My etcd daemon is running:

[root@kubernetesstack-master salt]# netstat -tanlp | grep etcd
tcp        0      0 192.168.173.3:4379      0.0.0.0:*               LISTEN      20338/etcd
tcp        0      0 192.168.173.3:4380      0.0.0.0:*               LISTEN      20338/etcd

Although its running on a non standard port.

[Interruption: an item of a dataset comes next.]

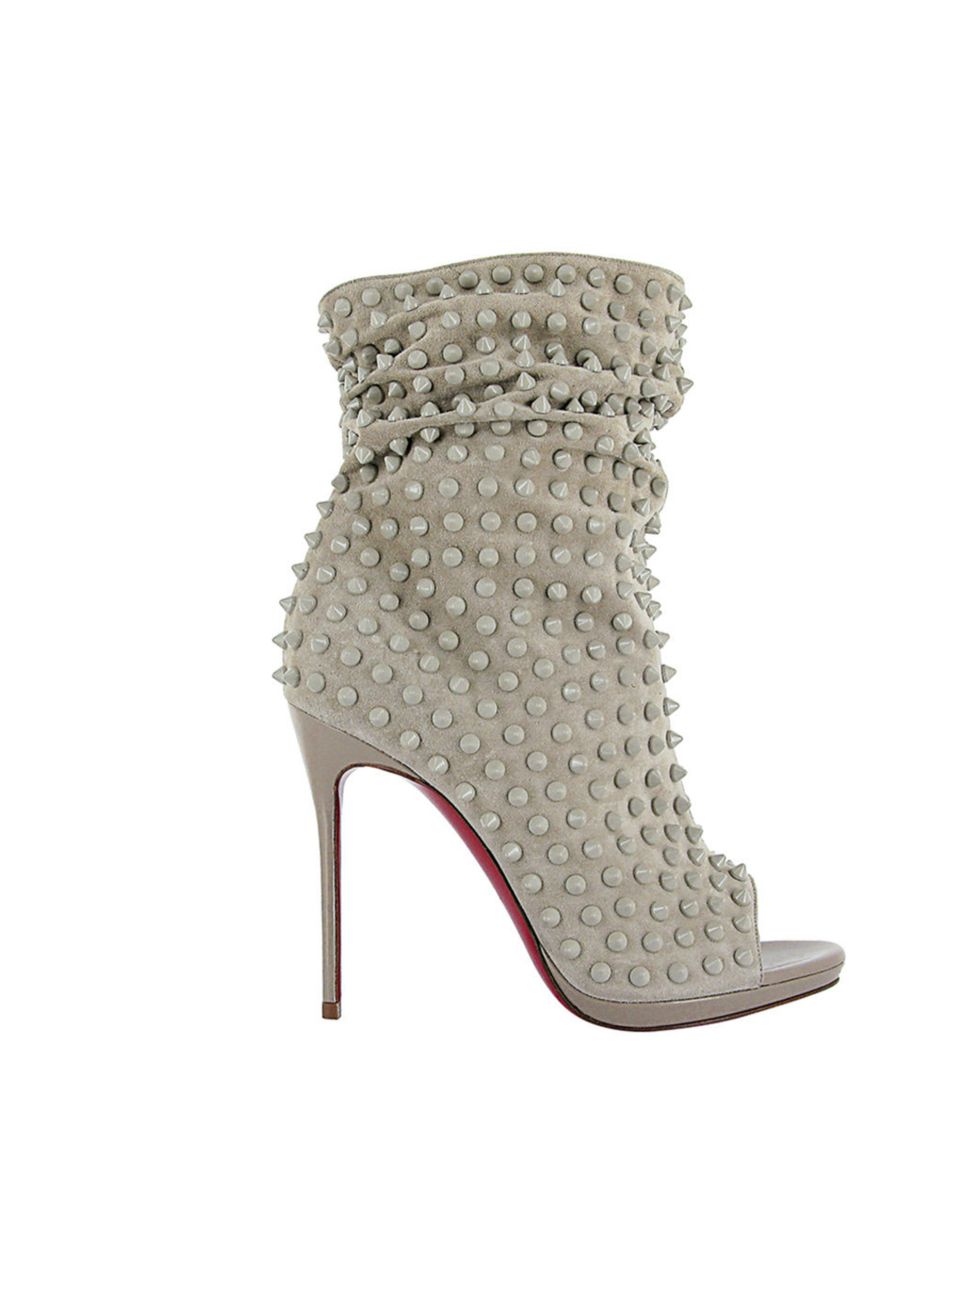 <p>Christian Louboutin Guerilla suede heels in stone, £1,235</p>

I'm also in a corporate network under a proxy. Any pointers on how to debug this further is appreciated. As of now I have reached a dead end on how to proceed on this. Asking in the kubernetes slack channels have also produced zero results!

1

There are 1 answers

0
mdaniel On

/usr/bin/flanneld -etcd-endpoints=

That line is the source of your troubles, assuming you didn't elide the output before posting it. Your situation is made worse by etcd running on non-standard ports, but thankfully I think the solution to both of those is actually the same fix.

I would expect running systemctl cat flanneld.service (you may need sudo, depending on the strictness of your systemd setup) to output the unified systemd descriptor for flanneld, including any "drop-ins", overrides, etc, and if my theory is correct, one of them will be either Environment= or EnvironmentFile= and that's the place I bet flanneld.service expected to have ETCD_ENDPOINTS= or FLANNELD_ETCD_ENDPOINTS= (as seen here) available to the Exec.

So hopefully that file is either missing or is actually blank, and in either case you are one swift vi away from teaching flanneld about your etcd endpoints, and everything being well in the world again.